INPUT → [CONV2D + MaxPooling2D] → [CONV2D] → [FC]*3
"""
def __init__(self):
super(BasicConvNet, self).__init__()
# Define the layers
self.conv1 = nn.Conv2d(3, 6, 5) # Convolutional layer
self.pool = nn.MaxPool2d(2, 2) # Pooling layer
self.conv2 = nn.Conv2d(6, 16, 5) # Another convolutional layer
self.fc1 = nn.Linear(16 * 5 * 5, 120) # Fully connected layer
self.fc2 = nn.Linear(120, 84) # Another fully connected layer
self.fc3 = nn.Linear(84, 10) # Output layer --> 10 classes
def forward(self, x):
"""Define the forward pass operations."""
x = self.pool(F.relu(self.conv1(x)))
x = self.pool(F.relu(self.conv2(x)))
x = x.view(-1, 16 * 5 * 5)
x = F.relu(self.fc1(x))
x = F.relu(self.fc2(x))
x = self.fc3(x)
return x
# Instantiate the neural network
net = BasicConvNet()
# Define the loss function and optimizer
criterion = nn.CrossEntropyLoss()
optimizer = optim.SGD(net.parameters(), lr=0.001, momentum=0.9)

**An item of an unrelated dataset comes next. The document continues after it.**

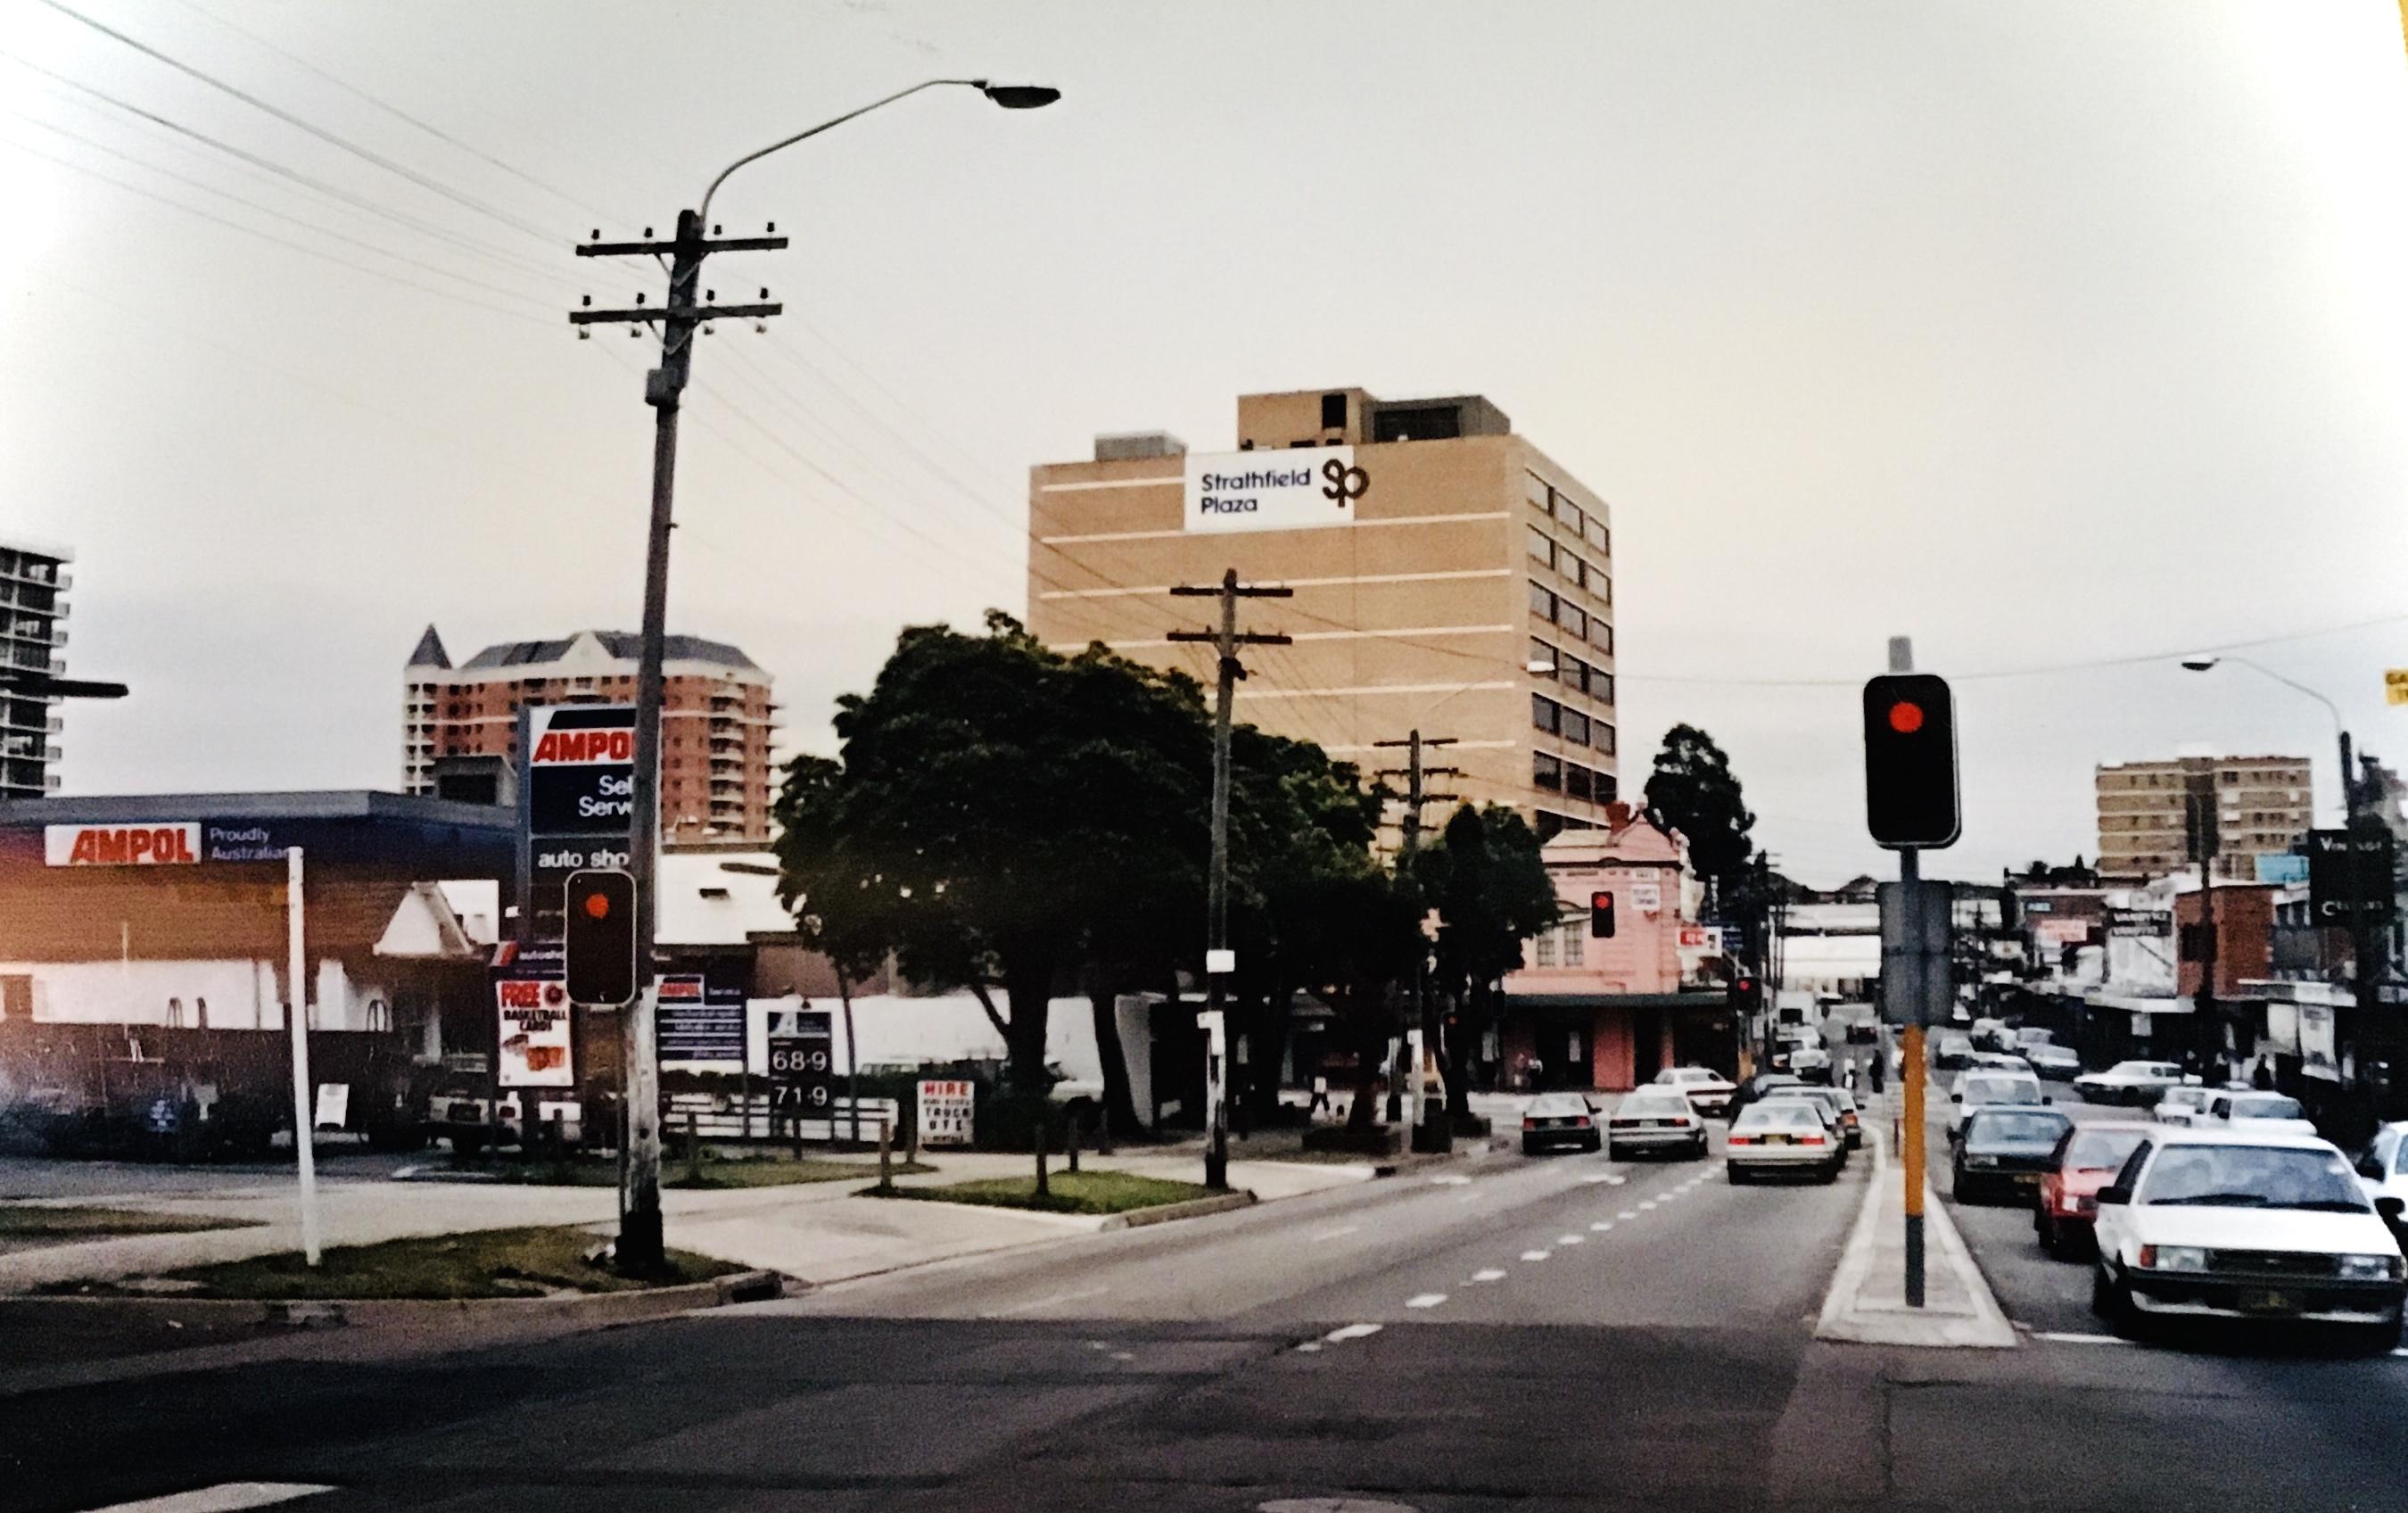 Strathfield Town Centre

# Lists to keep track of training progress
train_loss_list = []
accuracy_list = []
#sexy progress bar
from tqdm import tqdm
# loop over the dataset multiple times
for epoch in range(2):
running_loss = 0.0
correct = 0
total = 0
# We wrap the iterable object trainloader with tqdm
pbar = tqdm(enumerate(trainloader, 0), total=len(trainloader), ncols=80, leave=False)
for i, data in pbar:
# get the inputs; data is a list of [inputs, labels]
inputs, labels = data
# zero the parameter gradients
optimizer.zero_grad()
# forward + backward + optimize
outputs = net(inputs)
loss = criterion(outputs, labels)
loss.backward()
optimizer.step()
# calculate accuracy
_, predicted = torch.max(outputs.data, 1)
total += labels.size(0)
correct += (predicted == labels).sum().item()
# print statistics
running_loss += loss.item()
# Set the postfix of the progress bar to show loss and accuracy
pbar.set_postfix({'Loss': running_loss / (i+1), 'Accuracy %': 100 * correct / total}, refresh=True)
if i % 2000 == 1999: # append loss and accuracy every 2000 mini-batches
train_loss_list.append(running_loss / 2000)
accuracy_list.append(100 * correct / total)
running_loss = 0.0
# Function to evaluate model on test set
def evaluate_model(testloader, model):
correct = 0
total = 0
with torch.no_grad():
for data in testloader:
images, labels = data
outputs = model(images)
_, predicted = torch.max(outputs.data, 1)
total += labels.size(0)
correct += (predicted == labels).sum().item()
print('Accuracy of the network on the 10000 test images: %d %%' % (100 * correct / total))
def imshow(img):
img = img / 2 + 0.5 # unnormalize
npimg = img.numpy()
plt.imshow(np.transpose(npimg, (1, 2, 0)))
plt.show()
# Function to show a random prediction from the test set
def show_random_prediction(testloader, model, classes):
dataiter = iter(testloader)
images, labels = next(dataiter)
outputs = model(images)
_, predicted = torch.max(outputs, 1)
imshow(torchvision.utils.make_grid(images))
print('GroundTruth: ', ' '.join('%5s' % classes[labels[j]] for j in range(4)))
print('Predicted: ', ' '.join('%5s' % classes[predicted[j]] for j in range(4)))
evaluate_model(testloader, net)
show_random_prediction(testloader, net, classes)
# Plotting the training progress
plt.figure(figsize=(12, 4))
plt.subplot(1, 2, 1)
plt.plot(train_loss_list, label='Loss')
plt.legend()
plt.subplot(1, 2, 2)
plt.plot(accuracy_list, label='Accuracy')
plt.legend()
plt.show()
Accuracy of the network on the 10000 test images: 53 %
GroundTruth: cat ship ship plane Predicted: cat car car ship
This is a basic example, but you can extend it with more layers, different types of layers, different training techniques, etc.
Please note 🤔¶
The actual architecture of a CNN (number of layers, types of layers, size of filters, etc.) depends heavily on the specific task and the dataset. You often need to experiment with different architectures to find the best one for your task.